A few weeks later, the wallet was lost. Was it left at a store? Did it fall out on a bike ride home? Steps were retraced, tears were shed and prayers were offered, but the wallet was nowhere to be found.
School started and so have the hectic mornings of half-eaten bowls of cereal, last-minute signatures and gelled-back hair. The kids are doing great and their excitement far outweighs the stress of adjusting to a new schedule and new teacher, but some mornings are just too much. Tired kids, disheveled homemade lunches, running a few minutes late and before I know it, someone has said an unkind word. Bringing back a good-morning-gone-bad is like lassoing in a wild horse. Sure, you can get the horse back, but he’s still acting wild. Yes, some mornings are better than others.
By the second week of school, the kids had homework and assigned reading and although it had been a difficult morning, the afternoon was proving to be much better.
(Making homemade milkshakes together.)
Mayer was studying in his room when he came running into the kitchen. Before I knew it, he had his arms wrapped around my waist so tight, I stopped everything I was doing to hug him back. With some of the tension from earlier in the day, I instantly melted into the hug.
“Mom, I found my wallet,” Mayer said and explained while making his bed, he’d found the wallet on the floor near the base of his headboard. How it got there, we’d never know, but it’d been found and that’s all that mattered. His prayer had been answered and for that, he was grateful. As my son skipped back to his room, I had to reflect for a moment on the tender, yet zealous hug I’d just shared with him. He’d literally come a’ running, to me, the moment of that joyous experience.
Out of all the things he could have done, Mayer needed to validate himself with me, through that hug. This is literally one of the best things about being a mom.

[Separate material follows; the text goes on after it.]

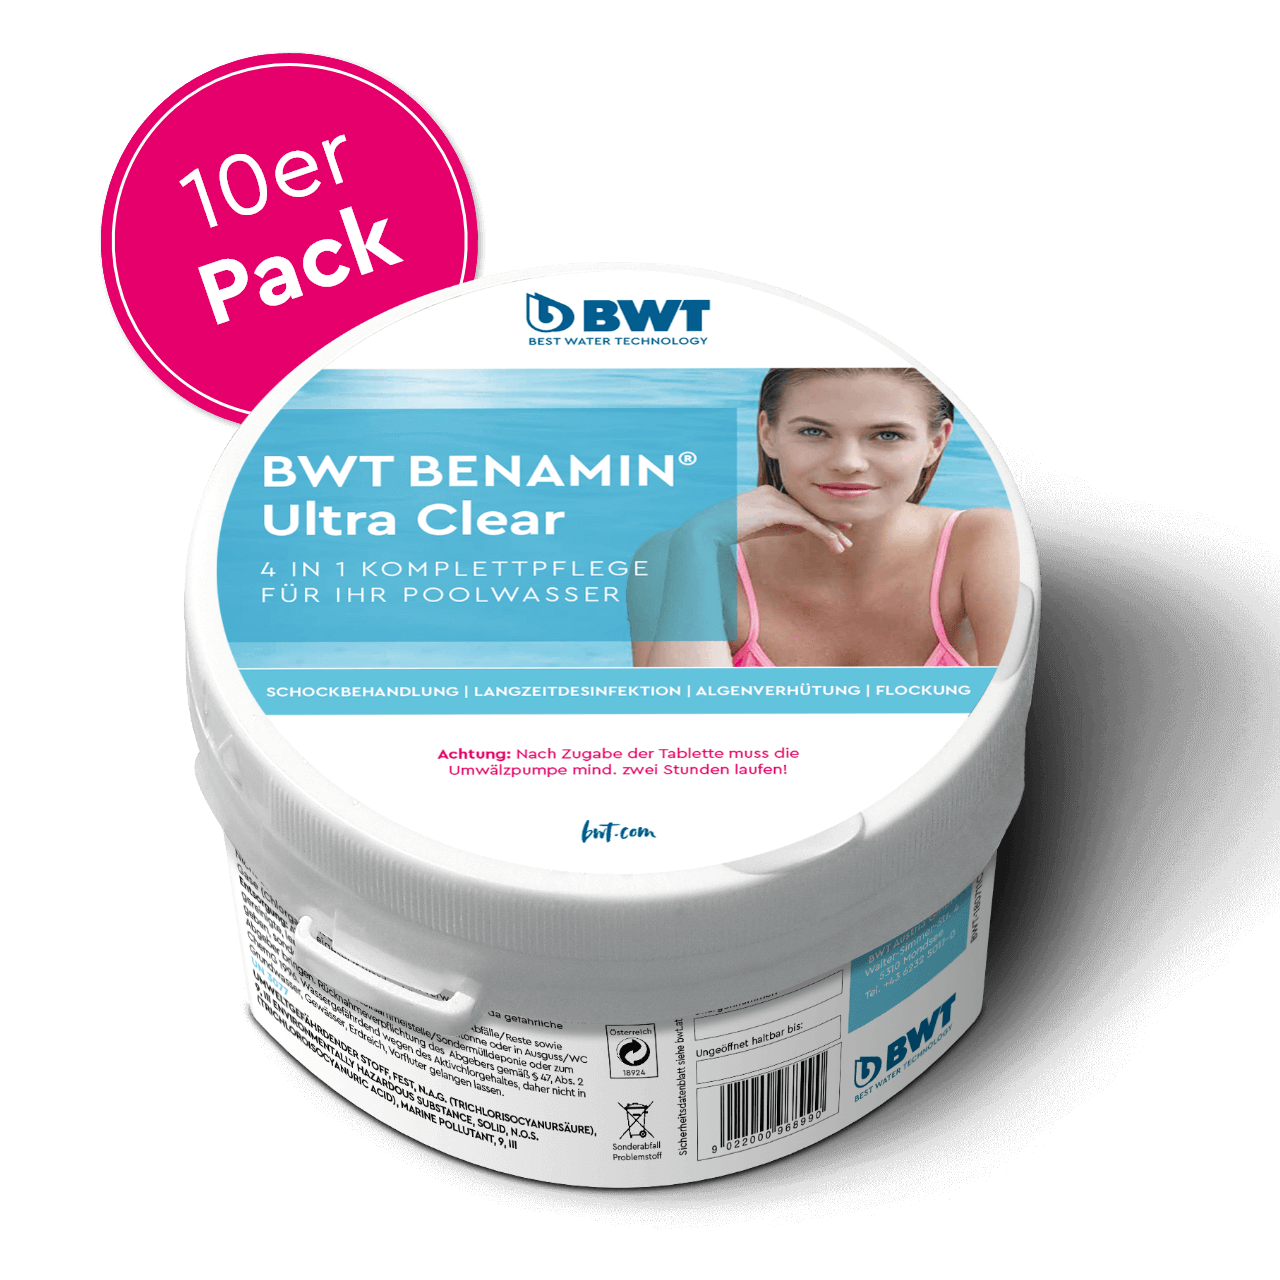 BWT Benamin Ultra Clear paquet de dix
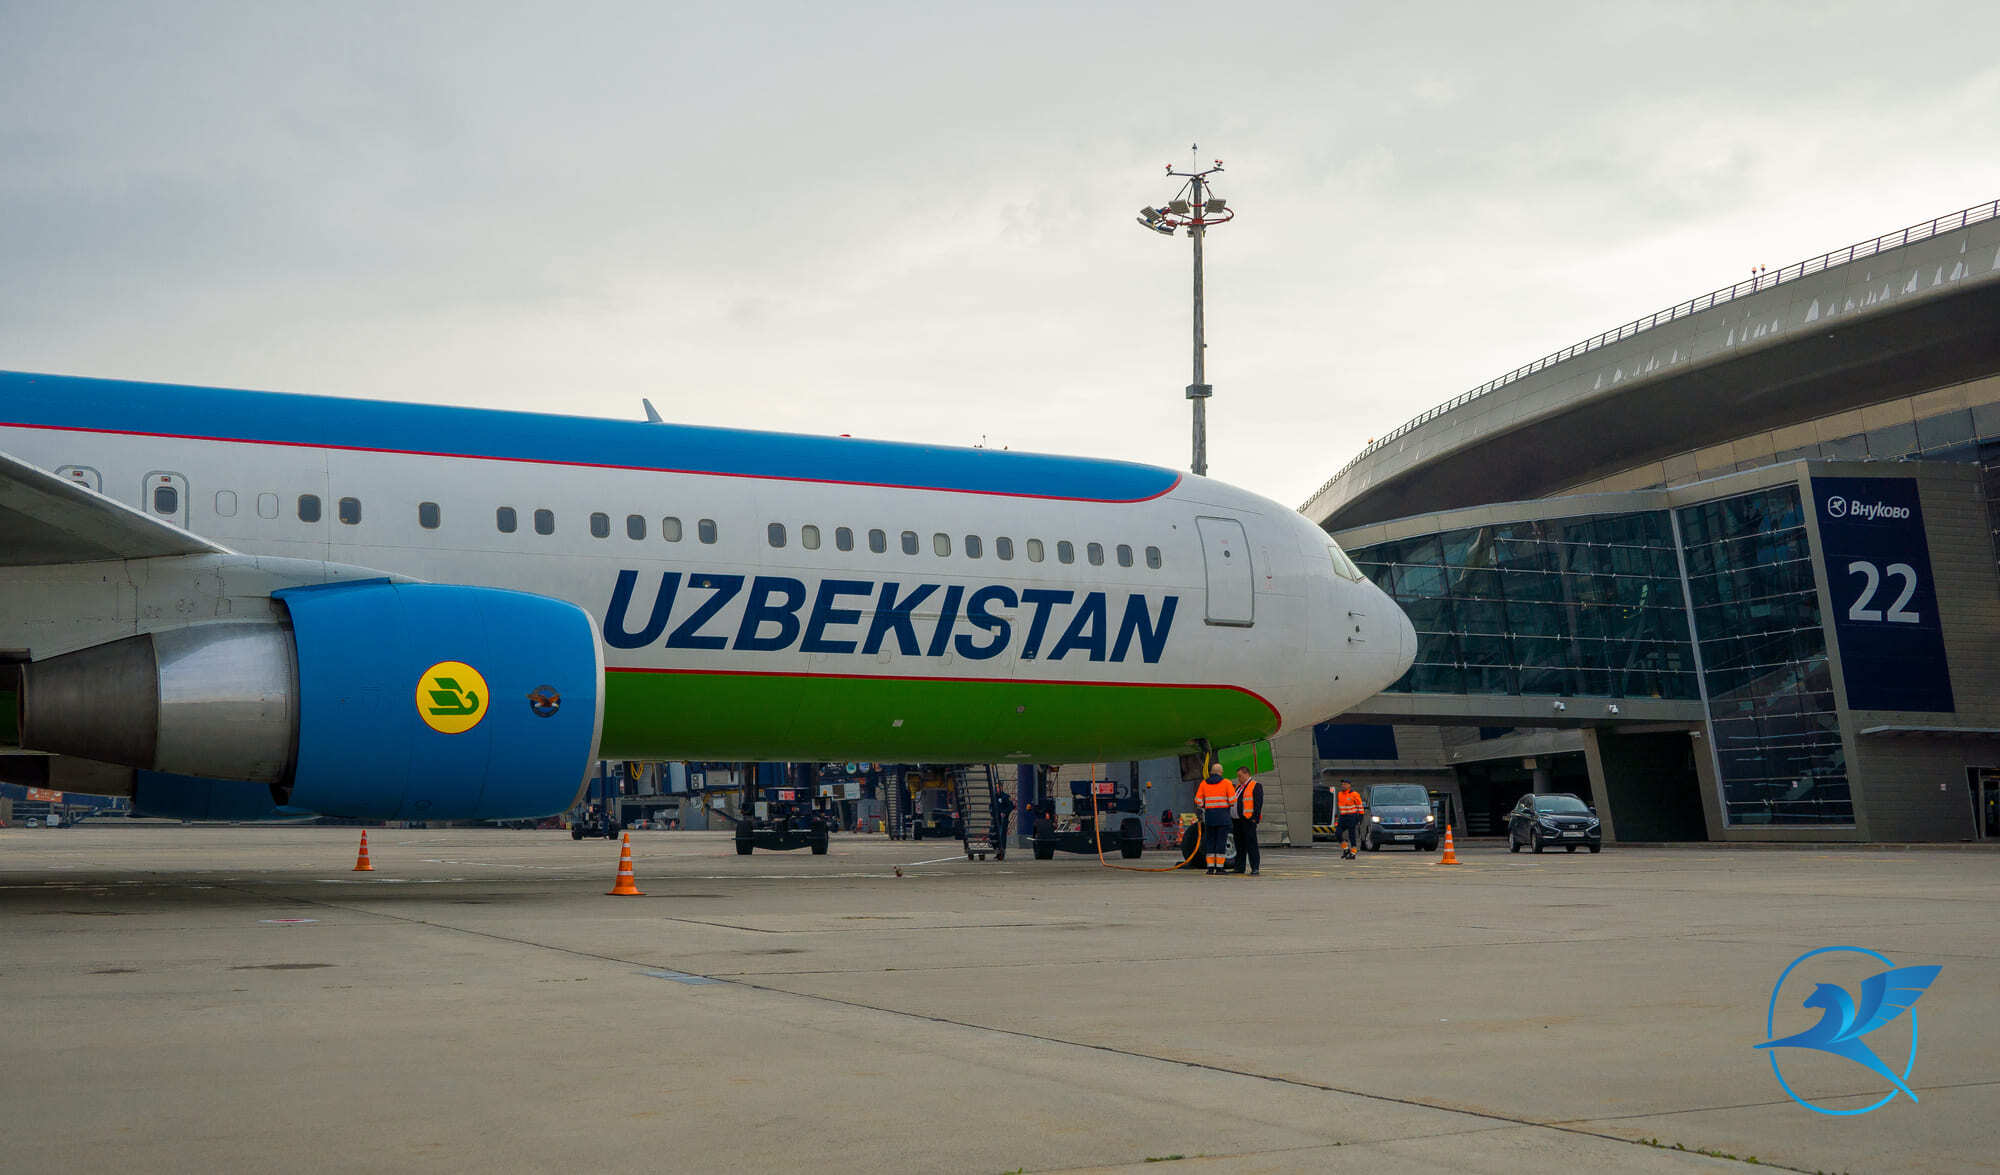 Uzbekistan авиакомпания. Uzbekistan Airways. Tashkent Airport.

This is not the first time the glory has been shared with me, but it still is one of the marvels of motherhood. Even when one of my kids run to me with tears, it’s still the same reality – kids need their moms in moments of reflection, awareness and discovery. They need their mom’s full attention, physical affection and affirming words of validation. These moments, glued together through days and years of quality time, through the hours of gazing and bonding, through the highs and lows of parenting create a rockstar-like persona for the mother where she is the one, the perfect one to run to in a crisis or to celebrate a momentous occasion. It doesn’t mean a mother has to be perfect of even know how to fix a situation; it just means a mother is there as the immovable and constant. A mother’s love is the fix and the reward because no matter the situation, the love between mother and child is bigger.